§ TASK DETAILS
The pictures are to be left out, and all remaining data is to be transcribed exactly as it appears.

*** DATA EXCERPT Section Begins ***

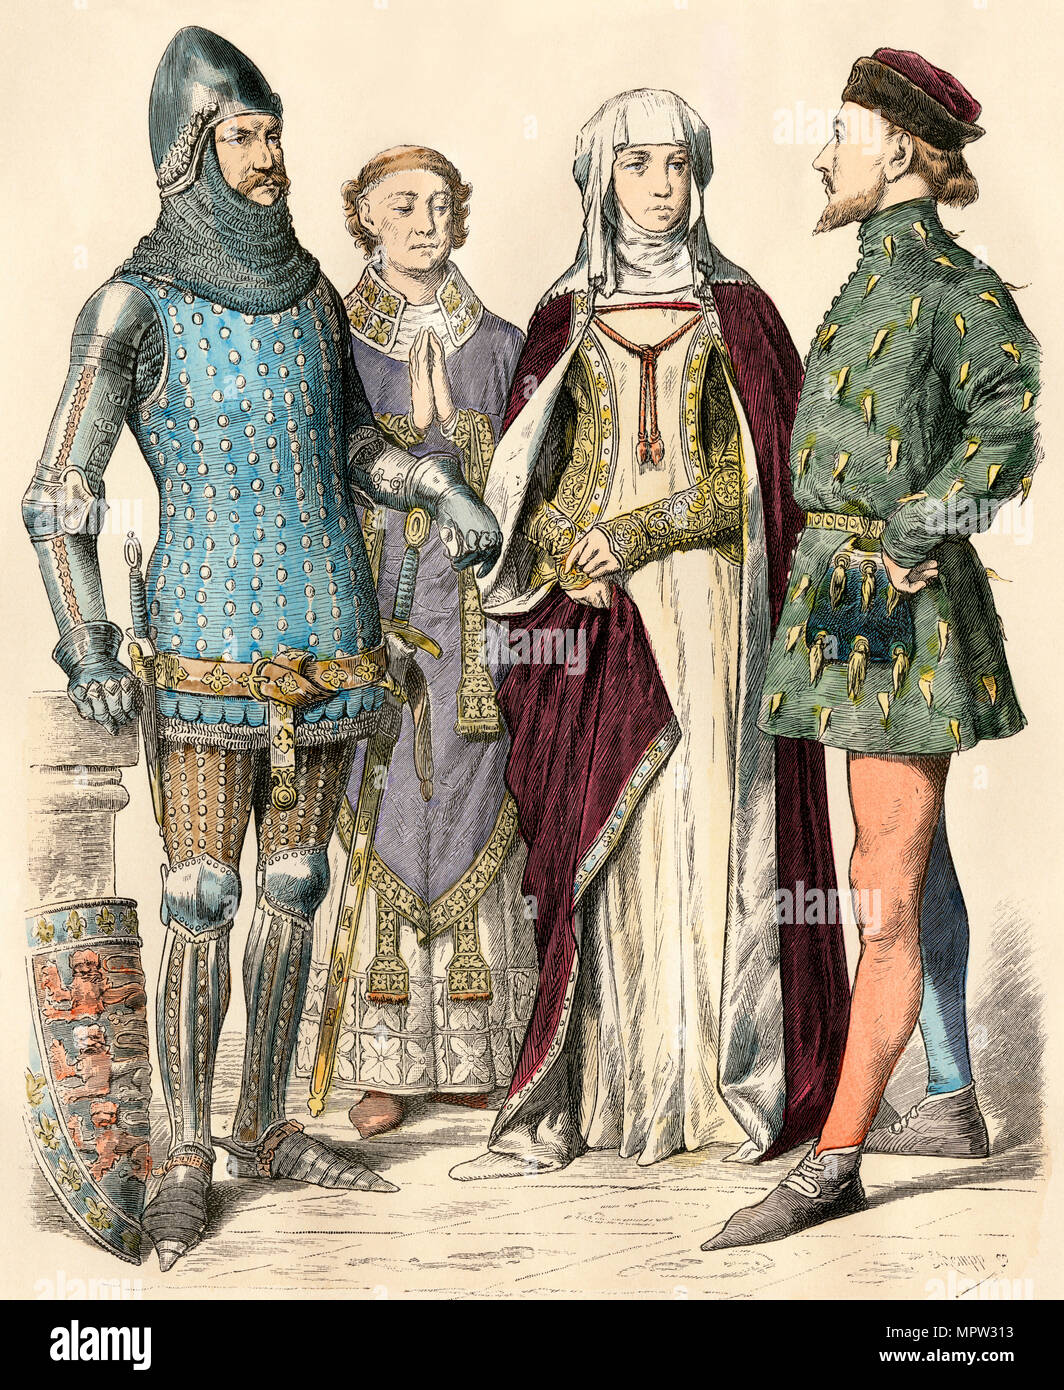 Costume médiéval de chevalier, l'évêque, dame, et gentleman. Impression couleur à la main Banque D'Images
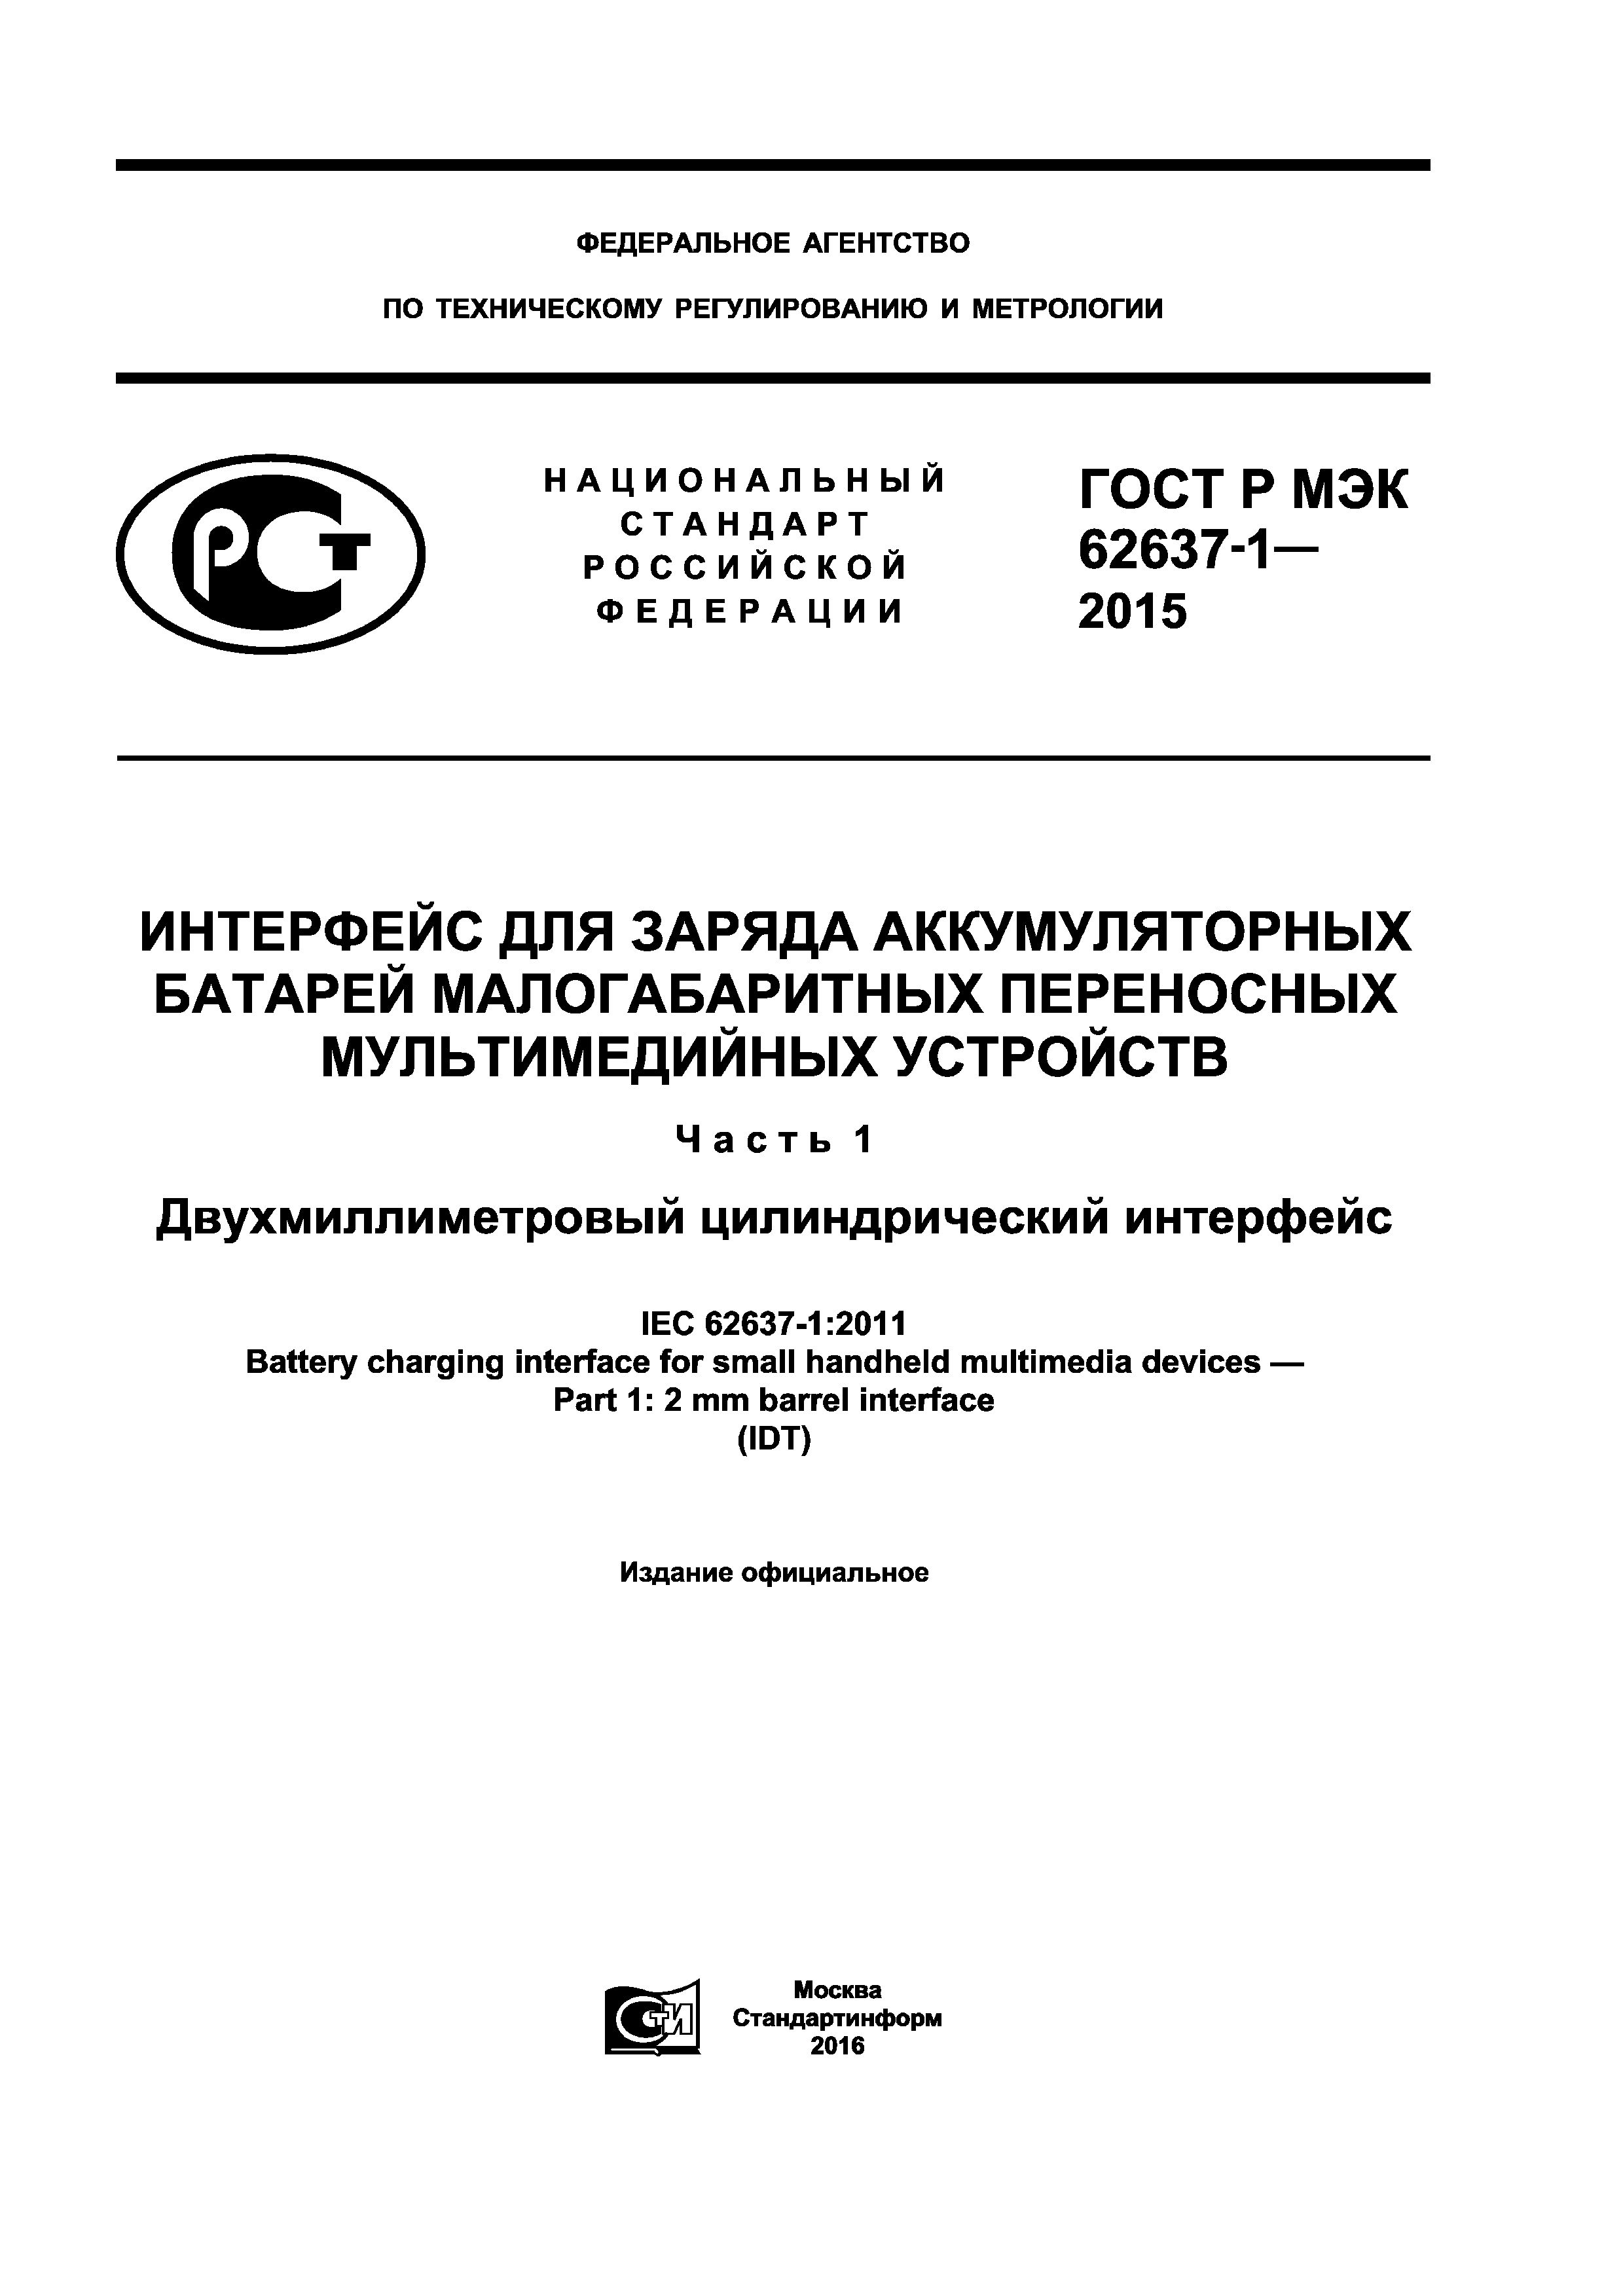 ГОСТ Р МЭК 62637-1-2015
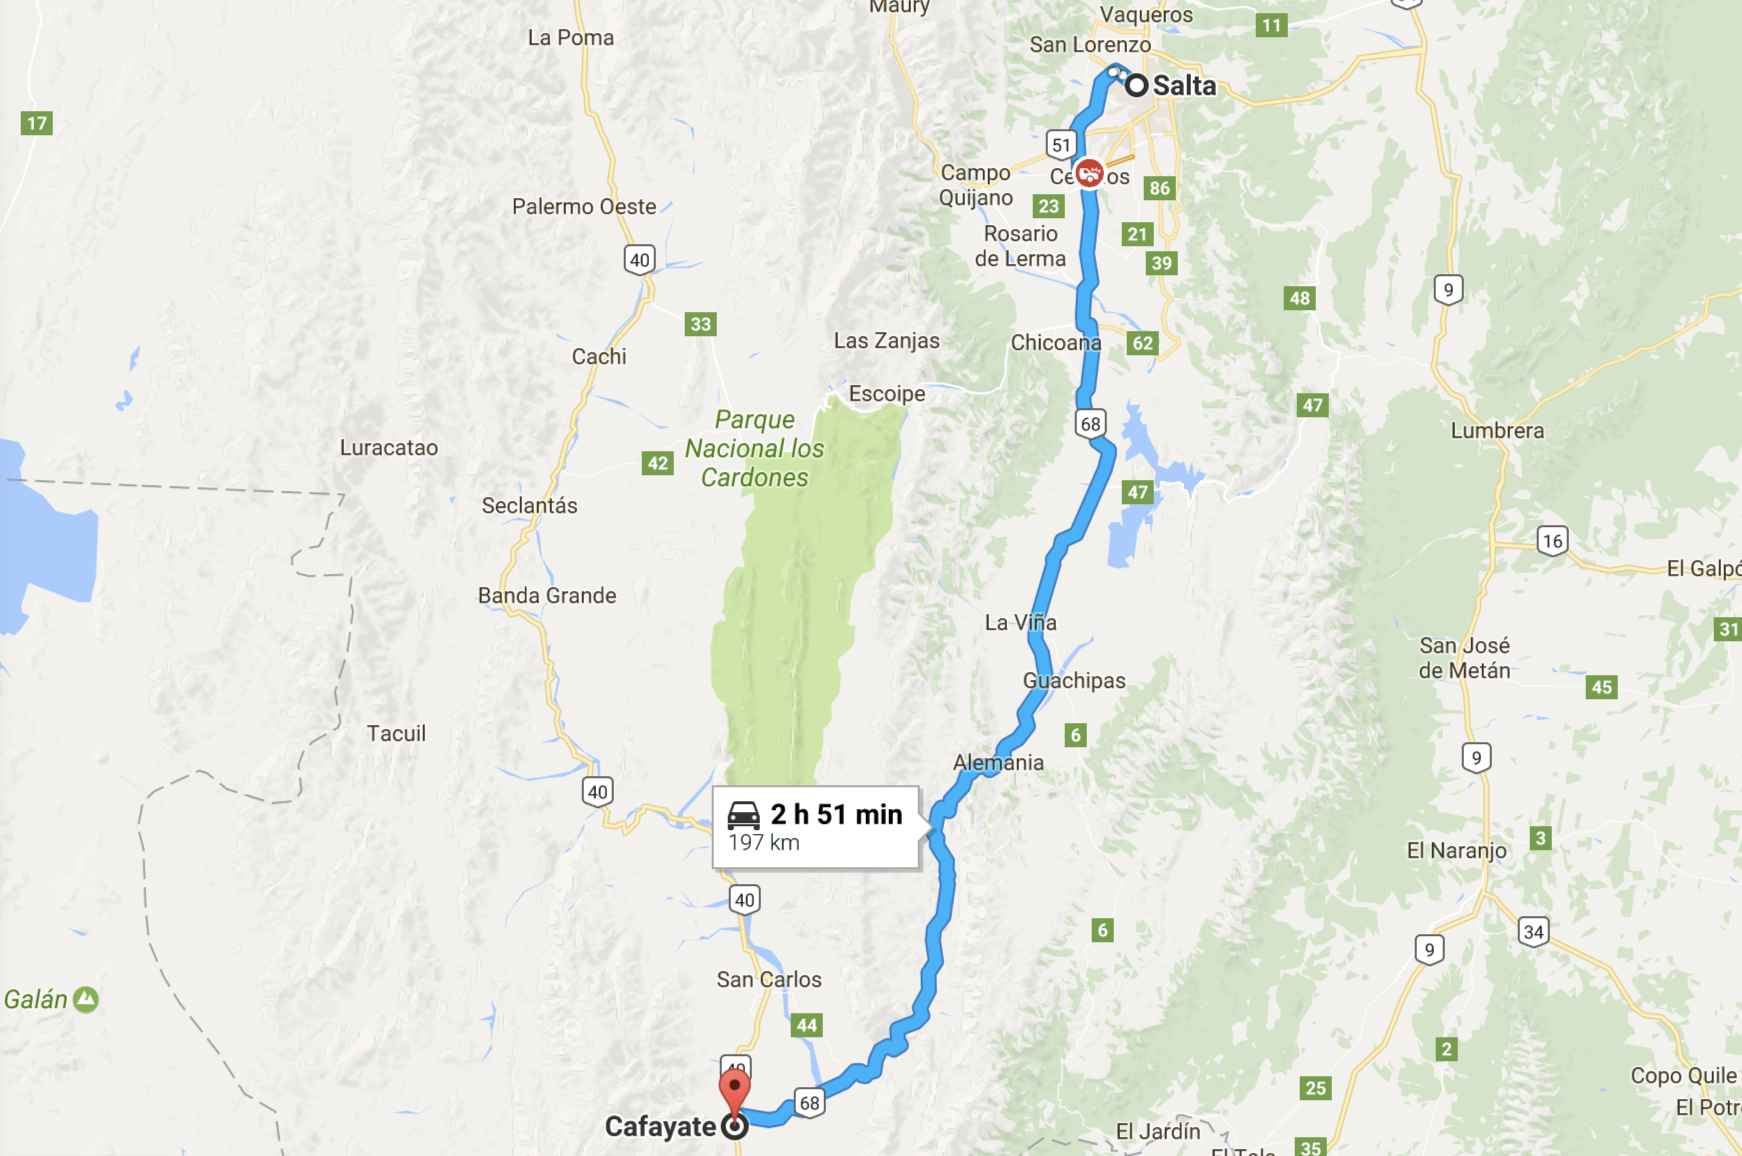 caminho no mapa: de salta a Cayate, no norte da argentina

*** DATA EXCERPT Section Ends ***

§ ANSWER TO THIS PROBLEM
 Costume médiéval de chevalier, l'évêque, dame, et gentleman. Impression couleur à la main Banque D'Images
 ГОСТ Р МЭК 62637-1-2015
 caminho no mapa: de salta a Cayate, no norte da argentina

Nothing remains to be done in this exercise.